ISTR I had code for Atom.. what happened with that?

> +	 *
> +	 * which all now get by default arch_max_freq = SCHED_CAPACITY_SCALE
> +	 */
> +	core_set_cpu_max_freq();
> +}
Peter Zijlstra Sept. 24, 2019, 4:30 p.m. UTC | #16
On Mon, Sep 09, 2019 at 04:42:15AM +0200, Giovanni Gherdovich wrote:
> +static const struct x86_cpu_id has_turbo_ratio_group_limits[] = {
> +	ICPU(INTEL_FAM6_ATOM_GOLDMONT),
> +	ICPU(INTEL_FAM6_ATOM_GOLDMONT_X),

That's GOLDMONT_D in recent tip kernels.

> +	ICPU(INTEL_FAM6_ATOM_GOLDMONT_PLUS),
> +	ICPU(INTEL_FAM6_SKYLAKE_X),

What about KABYLAKE_X and ICELAKE_X ?

> +	{}
> +};
Doug Smythies Sept. 24, 2019, 5:52 p.m. UTC | #17
On 2019.09.24 01:06 Mel Gorman wrote:
> On Thu, Sep 19, 2019 at 07:42:29AM -0700, Doug Smythies wrote:
>> On 2019.09.17 07:25 Giovanni Gherdovich wrote:
>>>On Wed, 2019-09-11 at 08:28 -0700, Doug Smythies wrote:
>>> [...]
> 

> Hence, I think this patchset should be considered on its own merits.

Agree. 

> I think the patch is fine and should be merged with the main caveat being
> that some CPU families may need to use a different calculation to account
> for turbo boost which is a per-arch and per-cpu-family decision.

Agree.

> What, if anything, should change in this patchset before it can be merged?

Nothing, and apologies for the tangential discussion.

> Is that an acked-by?

Absolutely, if I am worthy of ack'ing then:

Acked-by: Doug Smythies <dsmythies@telus.net>

... Doug
Giovanni Gherdovich Oct. 2, 2019, 12:25 p.m.

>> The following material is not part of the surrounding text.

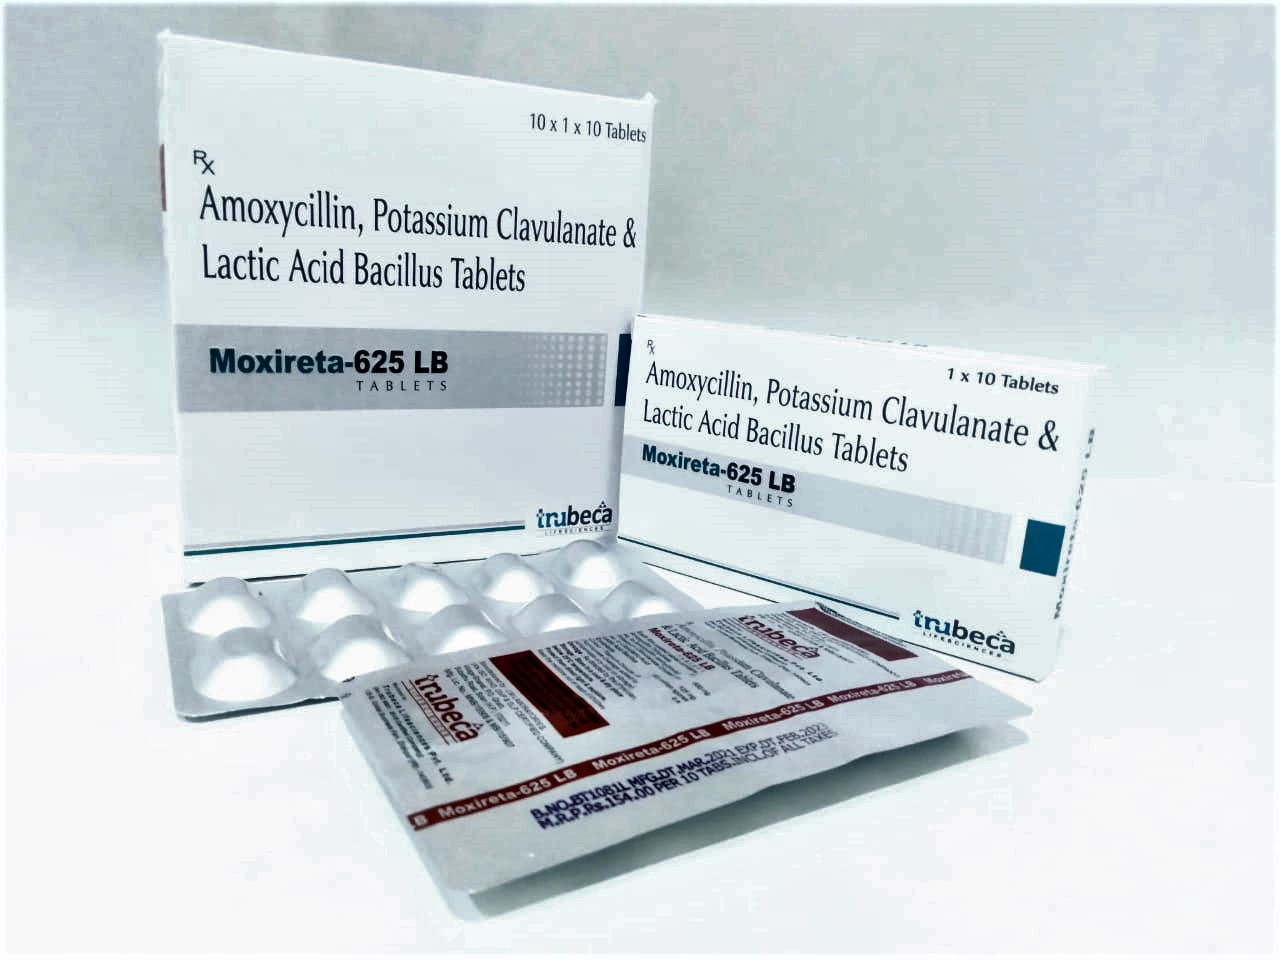 amoxycillin 500mg + potassium clavulanate 125mg + lactic acid bacillus tablet

UTC | #18
Hello Peter,

late replies as I wasn't in the office last week.

On Tue, 2019-09-24 at 18:30 +0200, Peter Zijlstra wrote:
> On Mon, Sep 09, 2019 at 04:42:15AM +0200, Giovanni Gherdovich wrote:
> > +static const struct x86_cpu_id has_turbo_ratio_group_limits[] = {
> > +   ICPU(INTEL_FAM6_ATOM_GOLDMONT),
> > +   ICPU(INTEL_FAM6_ATOM_GOLDMONT_X),
> 
> That's GOLDMONT_D in recent tip kernels.

Right, I saw that now.

> 
> > +   ICPU(INTEL_FAM6_ATOM_GOLDMONT_PLUS),
> > +   ICPU(INTEL_FAM6_SKYLAKE_X),
> 
> What about KABYLAKE_X and ICELAKE_X ?

KABYLAKE_X: does it exist? I couldn't find it in
arch/x86/include/asm/intel-family.h (the tip tree), I only see KABYLAKE_L and
KABYLAKE.

ICELAKE_X: well, I don't know really. Does this model have the same semantic
for MSR_TURBO_RATIO_LIMIT as SKYLAKE_X (which is family = 0x6, model = 0x55)?
This is for Len B. and Srinivas P. (in CC).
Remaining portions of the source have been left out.